CarboLoad

Overview

CarboLoad will load carbohydrates into your model. It can be used in several modes. The modes are designed as a progression to help guide the user at the command-line. Notwithstanding, some modes are useful in their own right.

Mode 0

The help mode gives the command:

phenix.carbo_load

or:

phenix.carbo_load --help

give:

CarboLoad - A program for loading carbohydrates into a protein model

Usage:
  phenix.carbo_load protein_pdb_file_name=pdb3a37.ent \
                    carbohydrate_file_name=man.txt \
                    map_coeffs_file_name=pdb3a36_refine_001_map_coeffs.mtz \
                    residue_selection="resname LG1"

For more details on the parameters see below.

Mode 1

This mode is designed to find all possible N-linking sites.:

phenix.carbo_load model.pdb

or:

phenix.carbo_load protein_pdb_file_name=model.pdb

will output a list of all ASN residues that are in the motif for N-linking to carbohydrates. It will also print out a possible selection such as:

residue_selection="chainid A resname ASN resid 37"

Mode 2

Adding a carbohydrate polymer to the model requires a residue selection for the addition and the carbohydrate information.
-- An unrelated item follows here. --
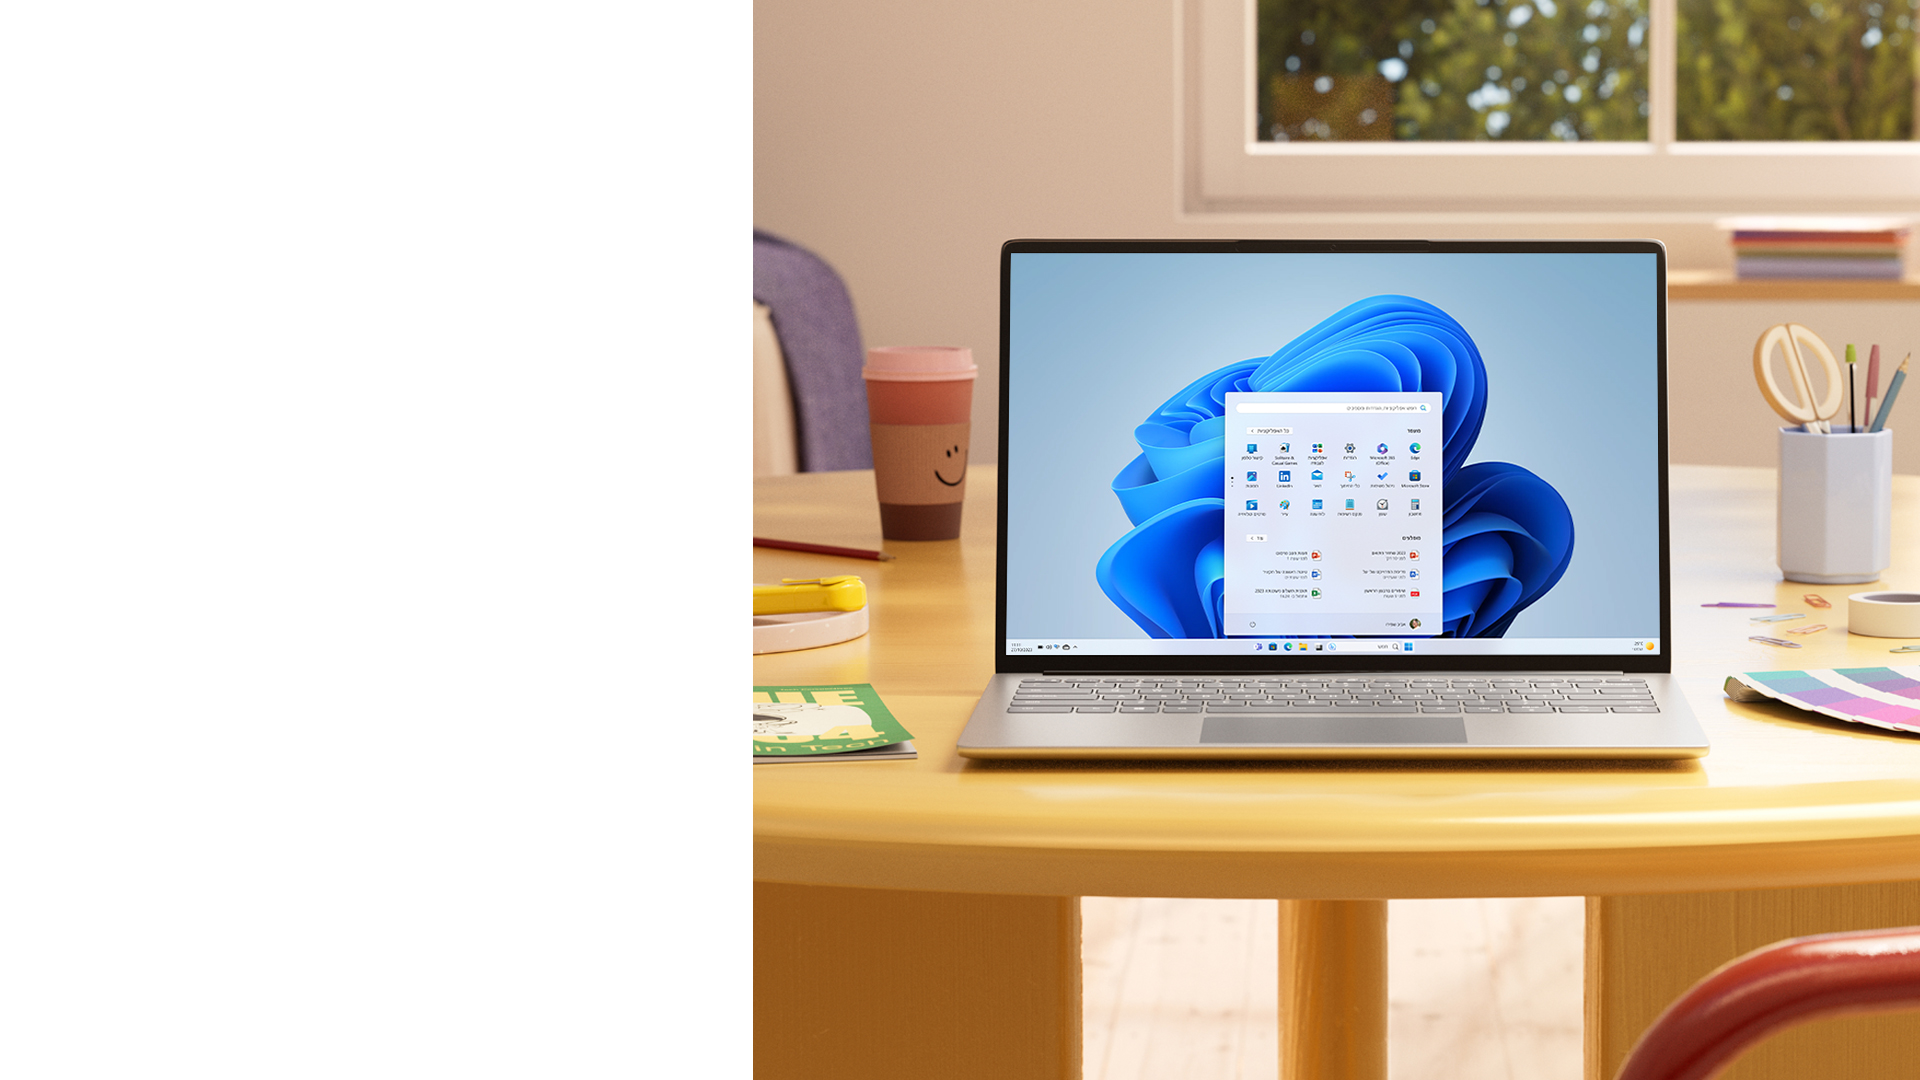 מחשב Windows 11, מונח על שולחן, עם תפריט 'התחל'

The addtion of e.g.:

residue_selection="chainid A resname ASN resid 37" carbohydrate_file_name=NAG-NAG

will add a chain of two NAG units to the selected ASN. THe carbohydrate parameter can be a SCaLES string (see below) or a file containing a SCaLES string or GlycoCT format (see below).

Mode 3

If you include a data file or, more efficiently and flexibly, a map file CarboLoad with perform a Real Space Refinement when each saccharide unit is placed in the model.

Input files

CarboLoad requires a number of inputs and also has some options, all of which are provided using the phil formalism. The list of required inputs:

protein_pdb_file_name: this is a file containing the protein model of current interest into which the carbohydrates will be loaded. It is best to have a CRYST1 record in place.

map_coeffs_file_name: this is a maps coefficients file output from a phenix.refine run.

data_file_name: a data file. A maps coefficients file is saved for possible use in subsequent runs as it saves time.

The input for the carbohydrates can be either a string on the command-line or a file name containing the allowable formats.

carbohydrate_file_name: this is a file containing chemical information about the carbohydrates.

GlycoCT (Herget et al.) : This can be generated using the Carbohydrate Builder in REEL.

Simplified Carbohydrate Line-Entry System (SCaLES) : The majority of carbohydrates linked to proteins a N-linked shorted polymers of high mannose. The add the first three units the parameters can be set to "NAG-NAG-MAN". More details are available here.

Optional inputs include:

output.file_name: Name of the output files.

Optional control parameters include:

allow_multiple_chain_selection: makes the residue selection work on every chain in the model. This is useful in situation where the model contains multiple identical (almost) chains.

nprocs: runs each carbohydrate polymer addition in a seperate process. Useful for adding more than one polysaccharide.

nqueues: runs jobs on a local queueing system.

Output files

By default, CarboLoad will generate a PDB file with the loaded carbohydrates and the linking files. These are no longer required by phenix.refine but are instructive.

References

Herget, S., R. Ranzinger, K. Maass, and C.-W. V. D. Lieth. 2008. “GlycoCT-a Unifying Sequence Format for Carbohydrates.” Carbohydrate Research 343 (12): 2162–71. doi:10.1016/j.carres.2008.03.011.